1 I liked ‘kerfuffle’ for a while, but it’s done. Brouhaha is OK.

2 Are there old hip people? C’est imposible!

Some Losses Are Improvements

Recently I wrote a personal email to someone and somehow copied another person. It was a tad embarrassing. I asked them to erase it, and I suppose they did.

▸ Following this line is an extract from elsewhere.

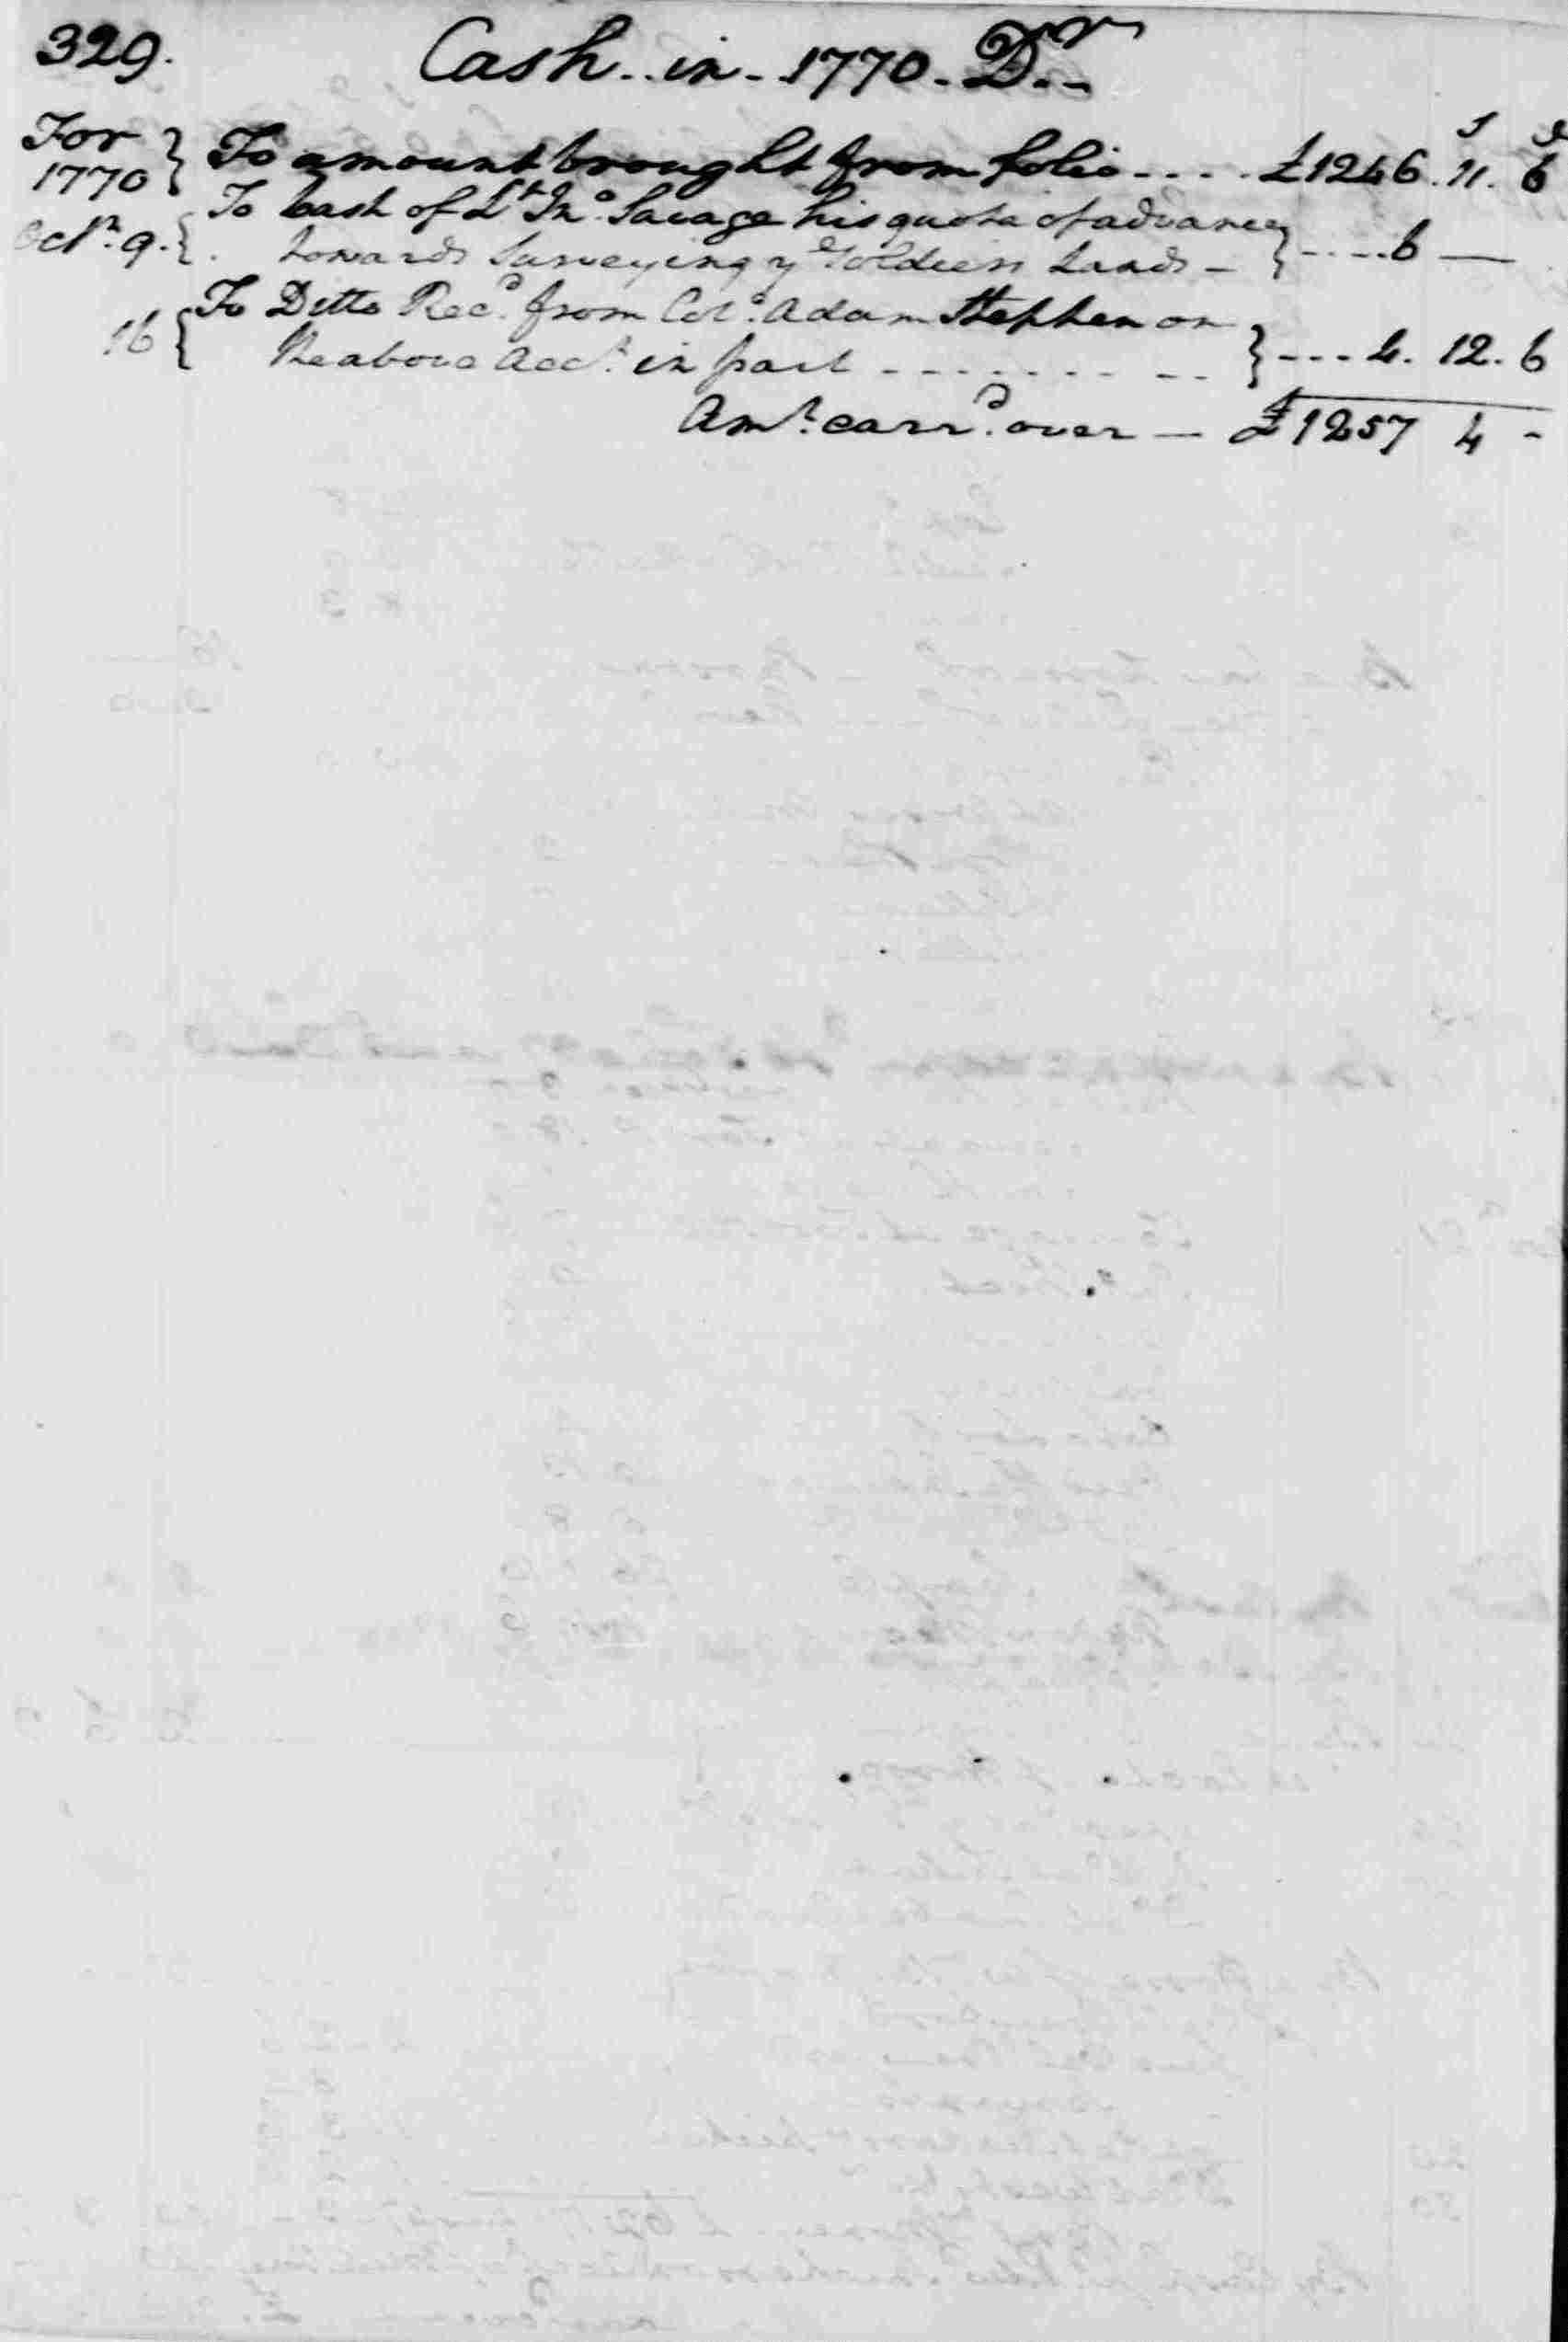 Ledger A, folio 329, left side

But I didn’t shake or shiver. I am just grateful that “Copy All” is no longer an easily hit email button.

Discomfort

On one of my tv shows I threw this out..

“We’re all gay, aren’t we?”
- What? Like we have male and female characteristics?
“No. We have no jobs. We jabber about old records on tv. Who has a gayer life than we?”
- Oh.
“Our conversation, is it not queer? Who do you see on tv talking about the junk we talk about?”
- Great.
“I mean, we’re having homosexual relations, right? No women here.”
- Uh huh.
“Seriously. I drove here with Joe. On the way I wanted to stop at 7-11 but he insisted we go to Safeway. Finally I gave him his head.”
- Right.
But for that, I made him blow me to lunch.
- Can we stop now?

Doug’s Last Laugh

When I went with his sister to get his ashes, she took the box and I carried her bag. “Is it heavy?” I asked.

Beth, seizing the straight line, paused nary a second, smiled and said “He ain’t heavy, he’s my brother!”